Critical Thinking Flashcards
(41 cards)
Your client voices pain, what action would you take?
o Ask objective question, When/how much painful/where/how/how long
o Check client hx
o Check Pressure
o Report to the nurse STAT
o Follow nurse’s directions
o Report and record
Your client voices pain to the rectum after a bowel movement, you note frank red blood. What
action would you take?
o Ask objective question, when start this pain, how severe
o Check client hx : hemorrhoid
o Pressure the rectum and check conscious
o Report to the nurse STAT
o Report and record
o Check the temperature before washing client
Your client voices pain to both legs upon standing. What action would you take?
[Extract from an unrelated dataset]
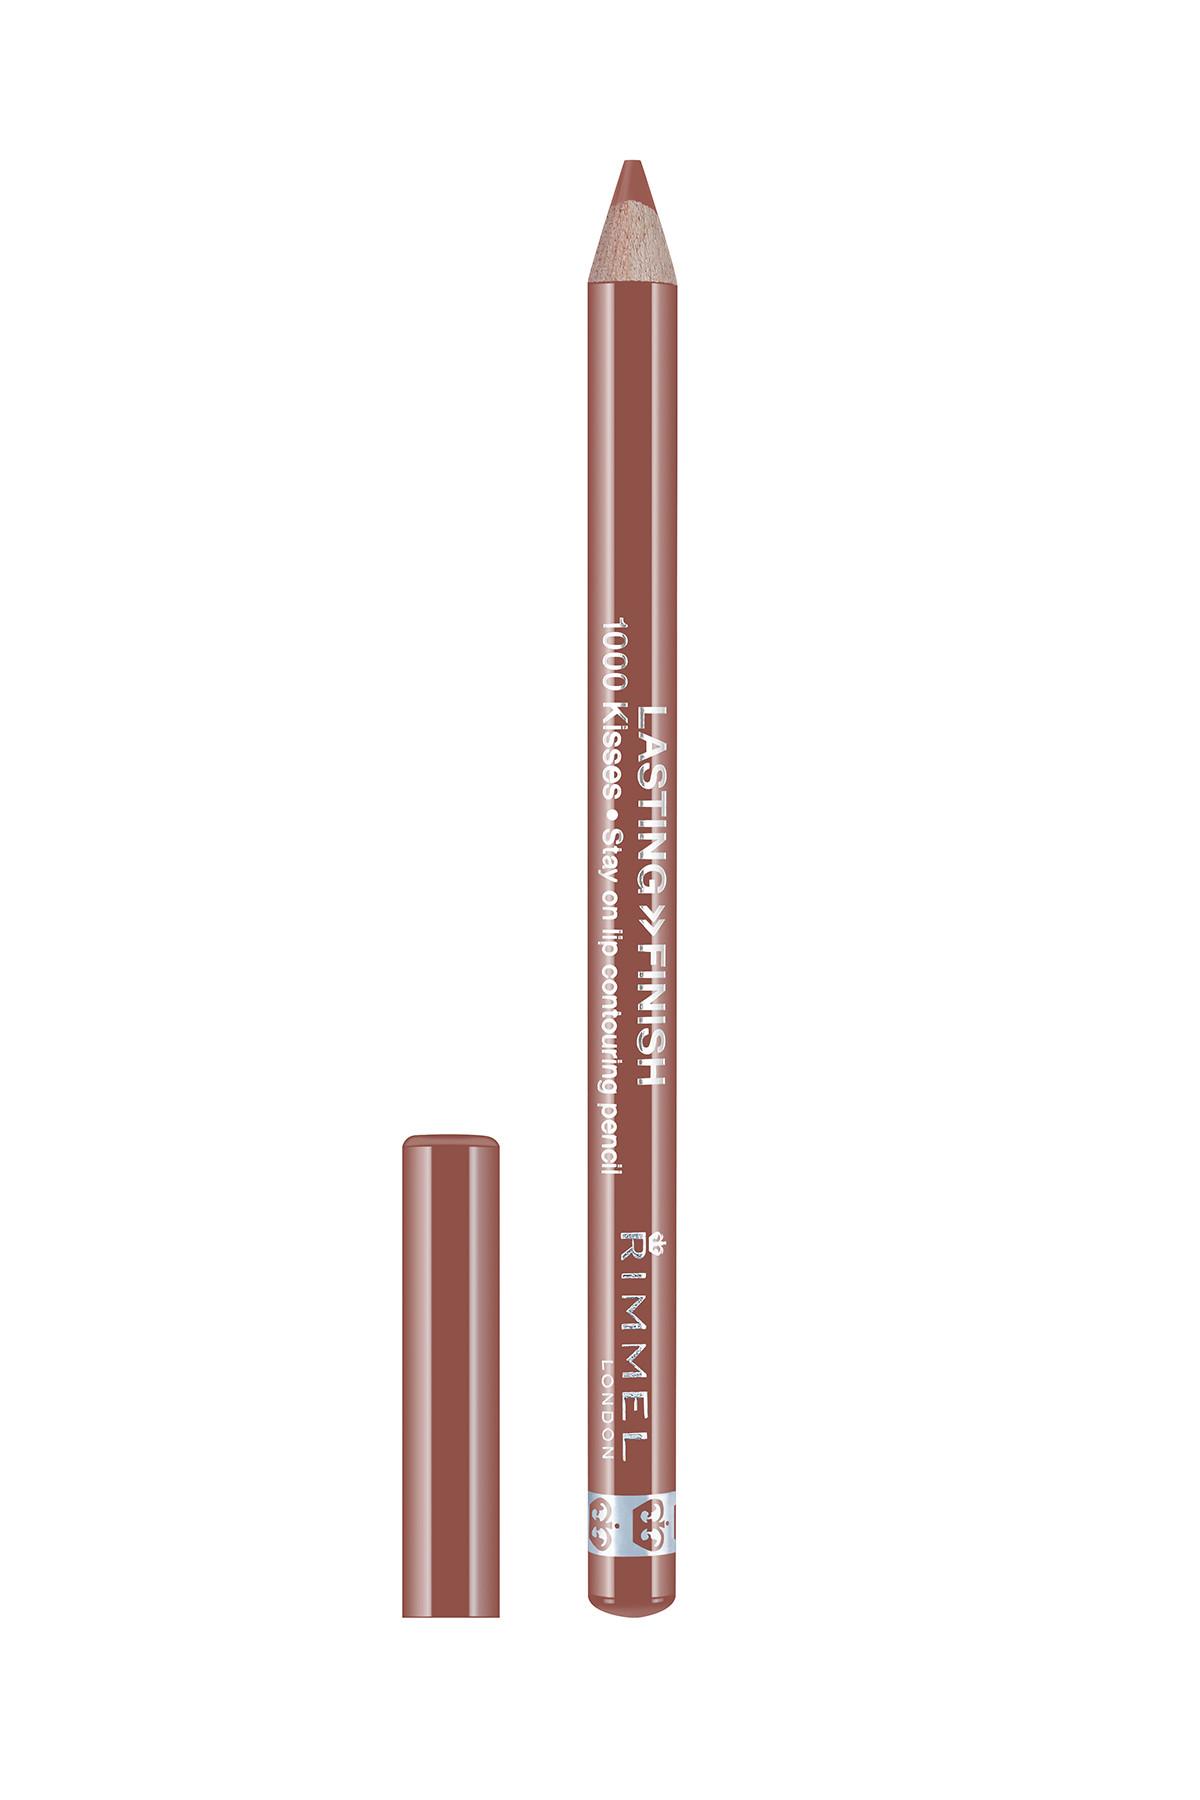 RIMMEL LONDON Dudak Kalemi - Lasting Finish 1000 Kisses Lip Liner 050 Tiramisu 1,2 g 5012874027620 1

o Turning back to the bed, wheelchair, chair
o When/how much painful/where/how/how long
o Don’t be rush
o Report and record
Partial bed bath: While assisting the client they voice they are getting short of breath. What action would you take?
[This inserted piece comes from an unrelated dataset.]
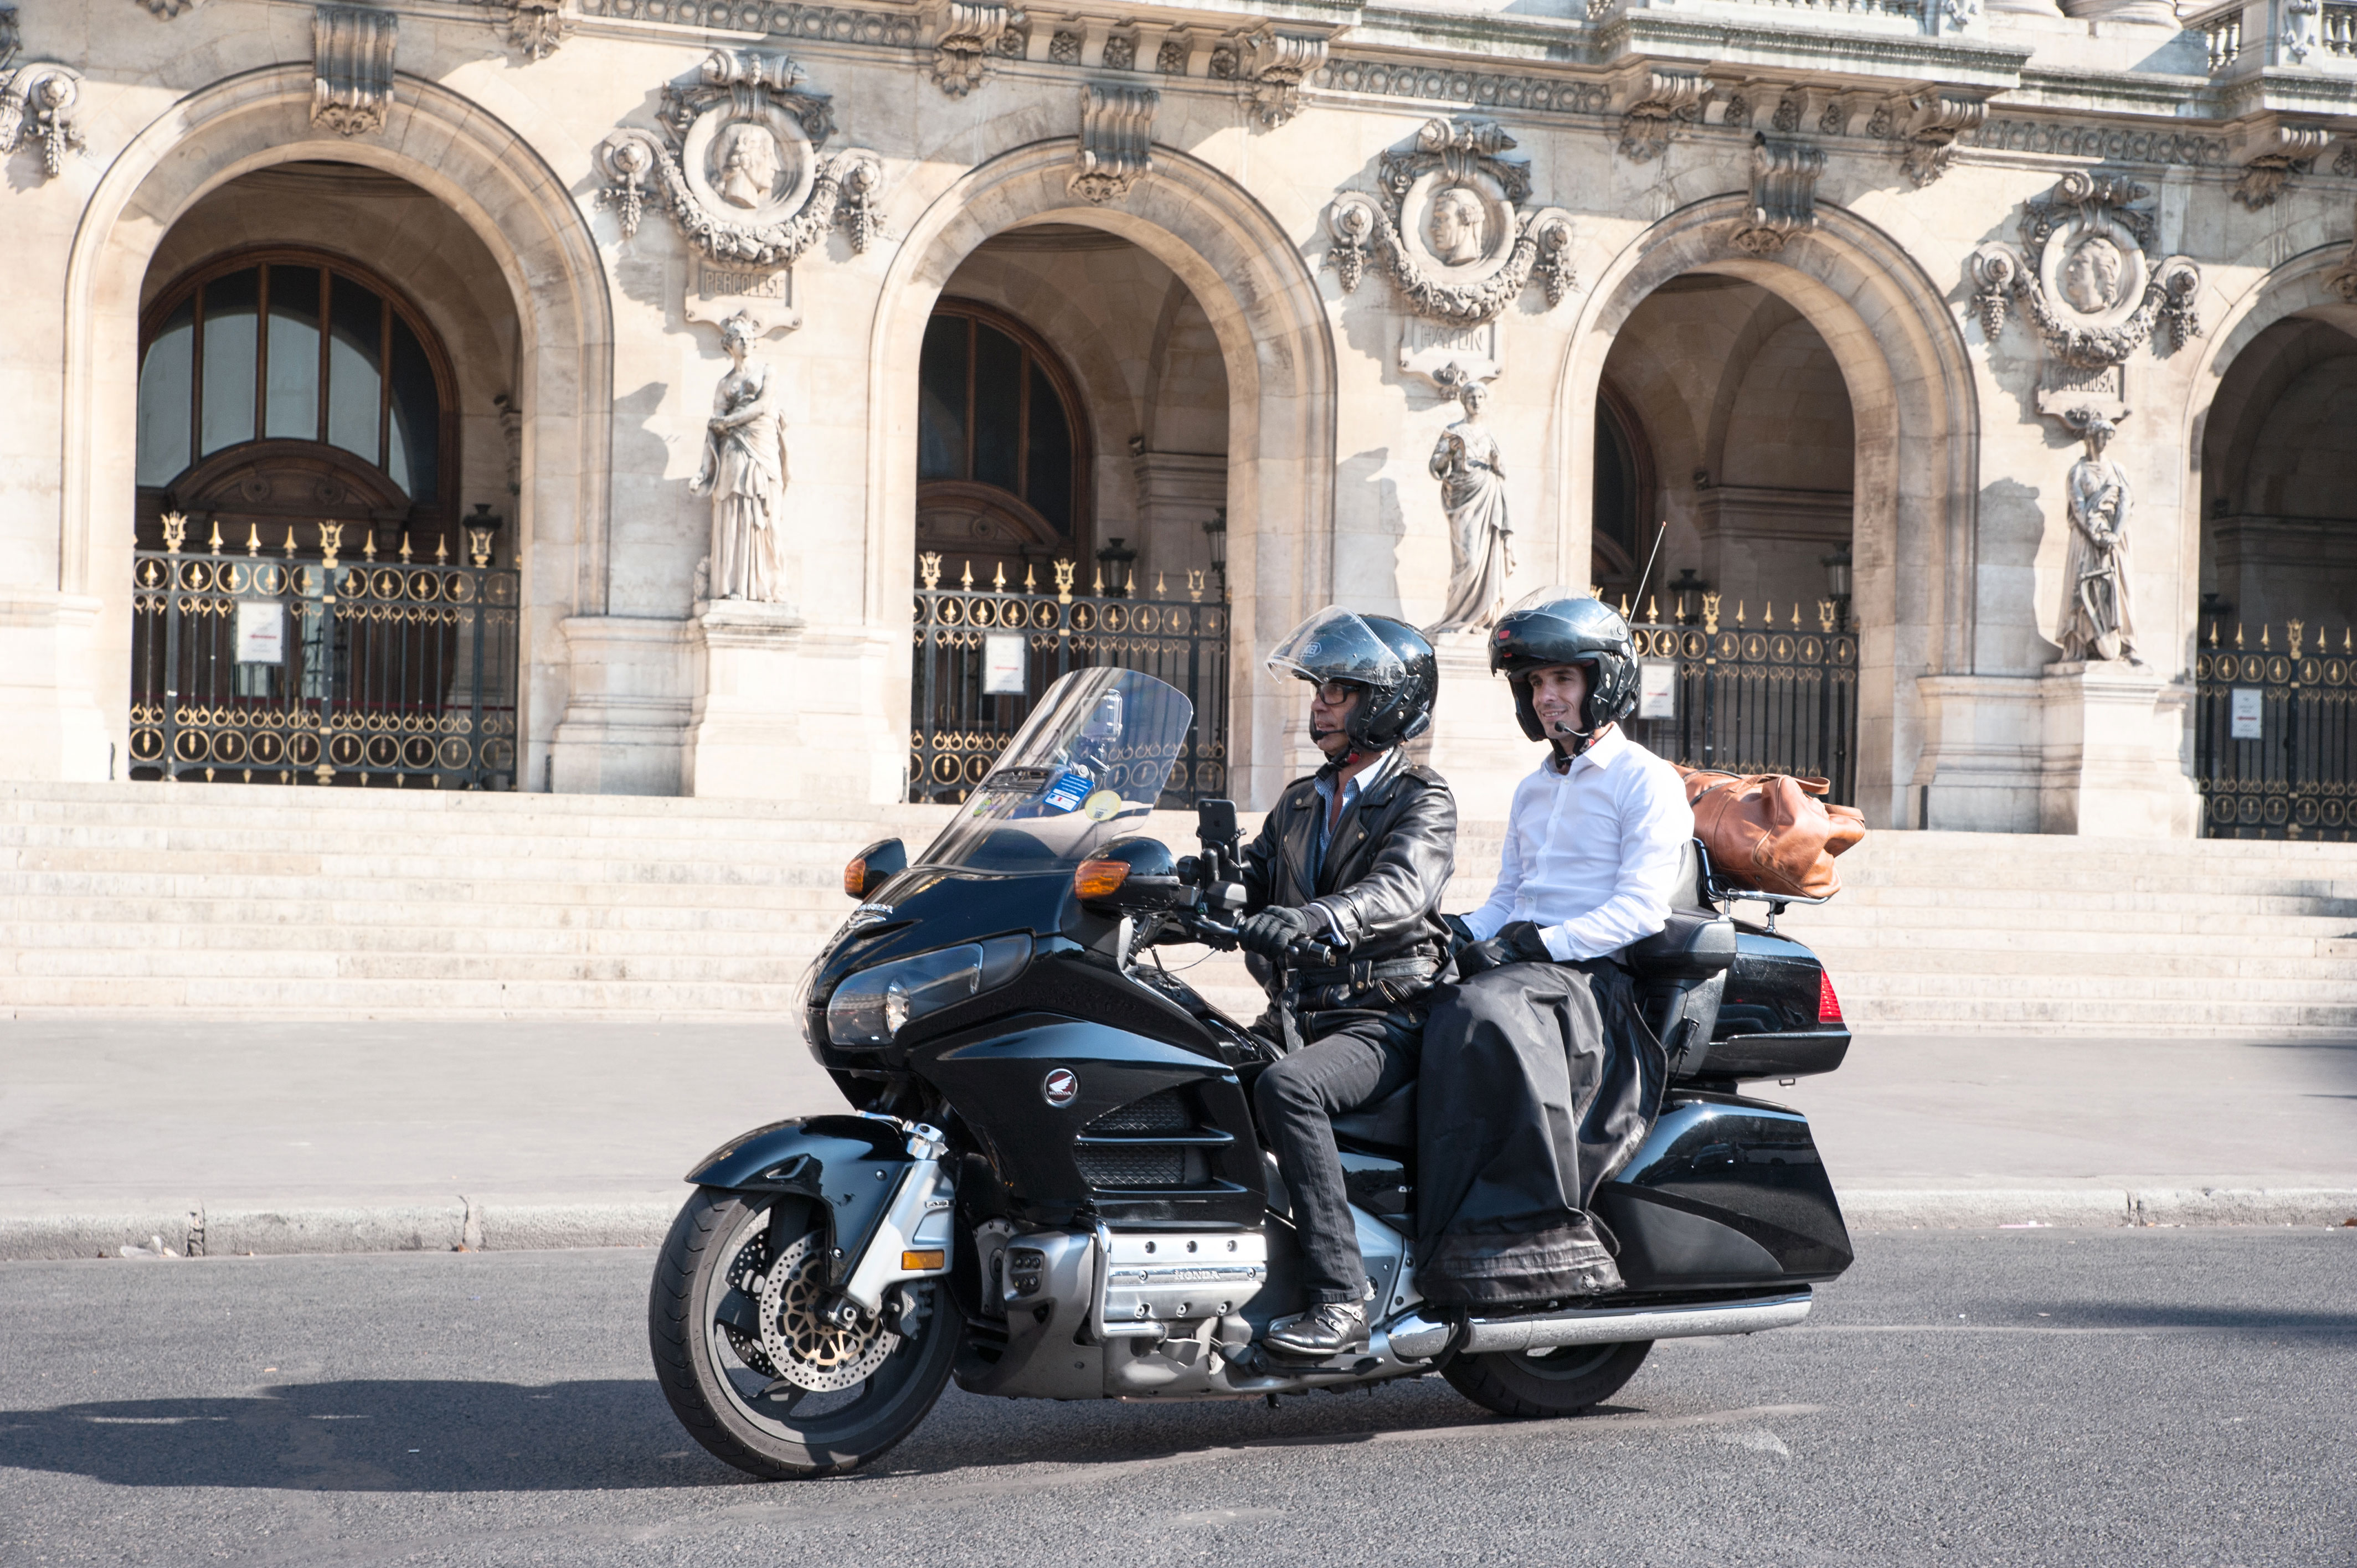 tarifs taxi moto la r f rence du moto taxi paris. Black Bedroom Furniture Sets. Home Design Ideas

o Stop partial bed bath and cover client
o Change the high Fowler position (lower : 15-30/ semi : 30-45 / high 45-90 (but we are in
45-60 in reality), orthopneic position : Sitting up (ortho) and leaning over a table to breathe
o Follow the care plan
Partial bed bath: While assisting the client with a partial bed bath the client becomes increasingly
anxious voicing “are we almost done?” “can you hurry up?” What action would you take next?
o Stop and cover
o Ask client “are you uncomfortable? Do you want me to come back later?”
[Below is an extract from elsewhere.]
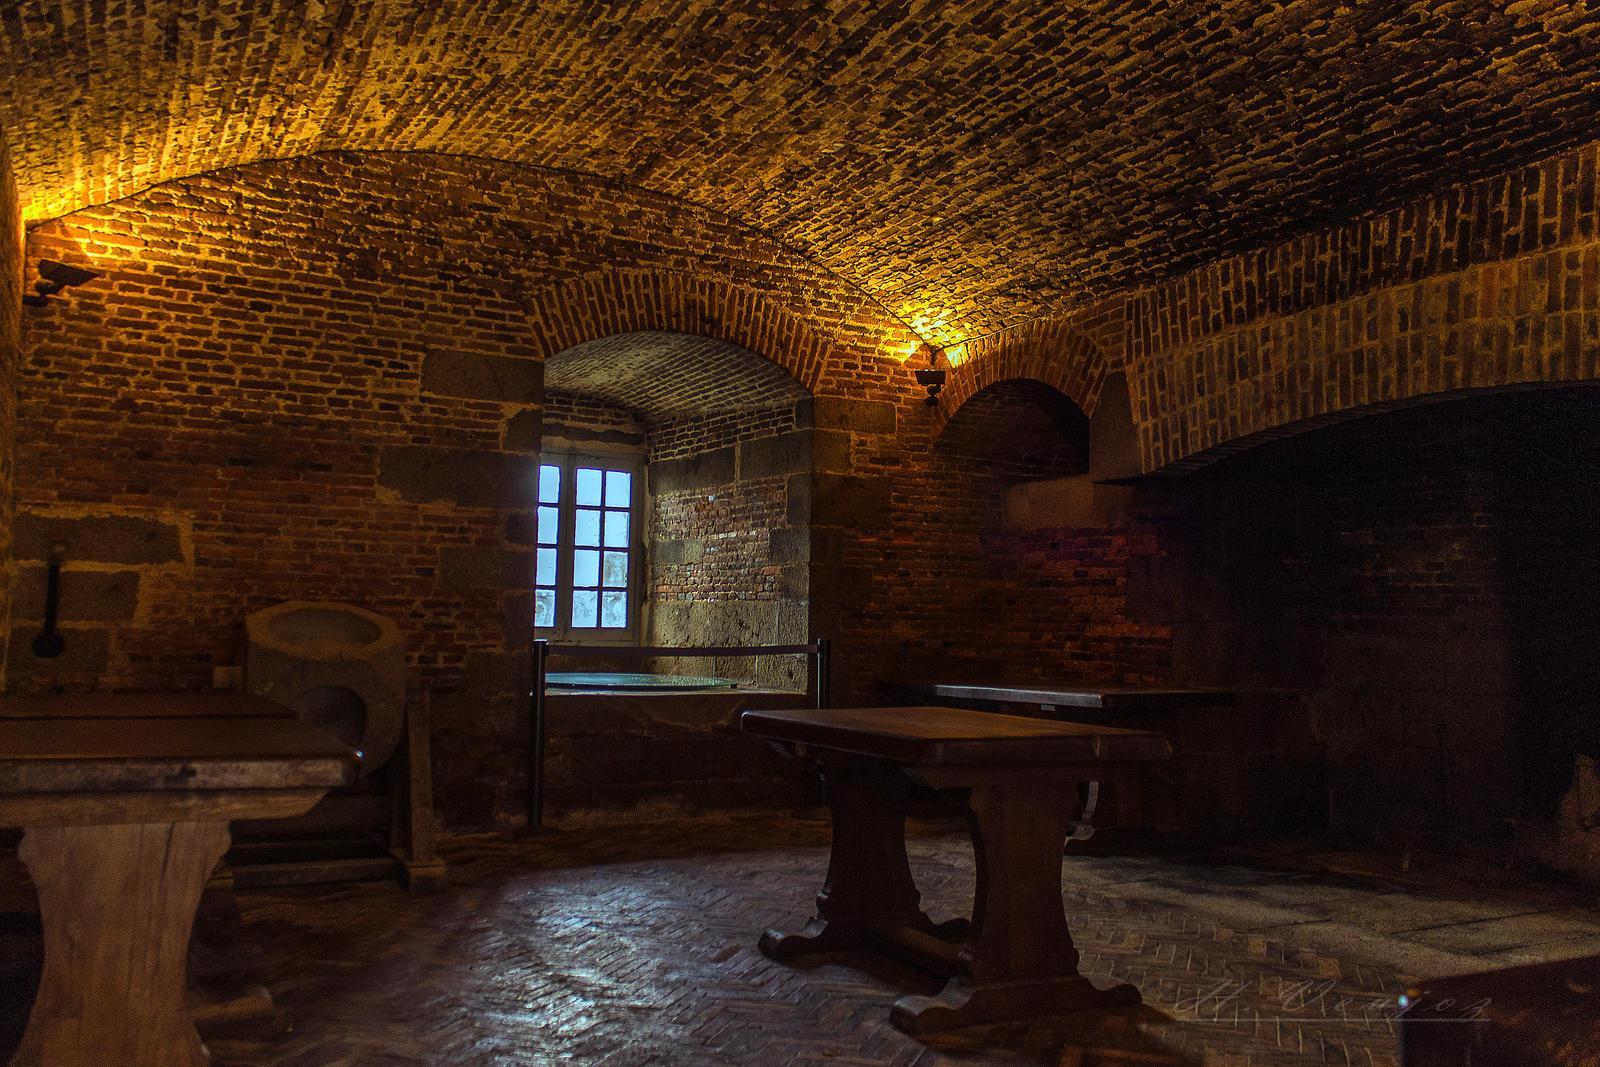 Room Chateau De Carrouge Orne France by hubert61

o If client said yes. Leave call bell. Record and report
o If client said no. Give them time and ask again “are you okay? Would you like to continue?”
Then do
o Record and report
Dx UTI: Your client voices increased episodes of incontinence. What action do you take?
o Ask other symptoms (ask feeling_moderate or severe/ color/odour/ consistency of the urine)
o Note for the urine input and output
o Check fluid intake
o Report and record
Hx Seizures: You note while repositioning client that they begin to have convulsions. What action
do you take?
o Stop repositioning
o Stand by, airway check
o Check for unsafe object around it
o Recovery position
o At least 3 min, if it’s over, hit the call bell
Dx COVID/Asthma: Your client complains of chest pain, what action would you take?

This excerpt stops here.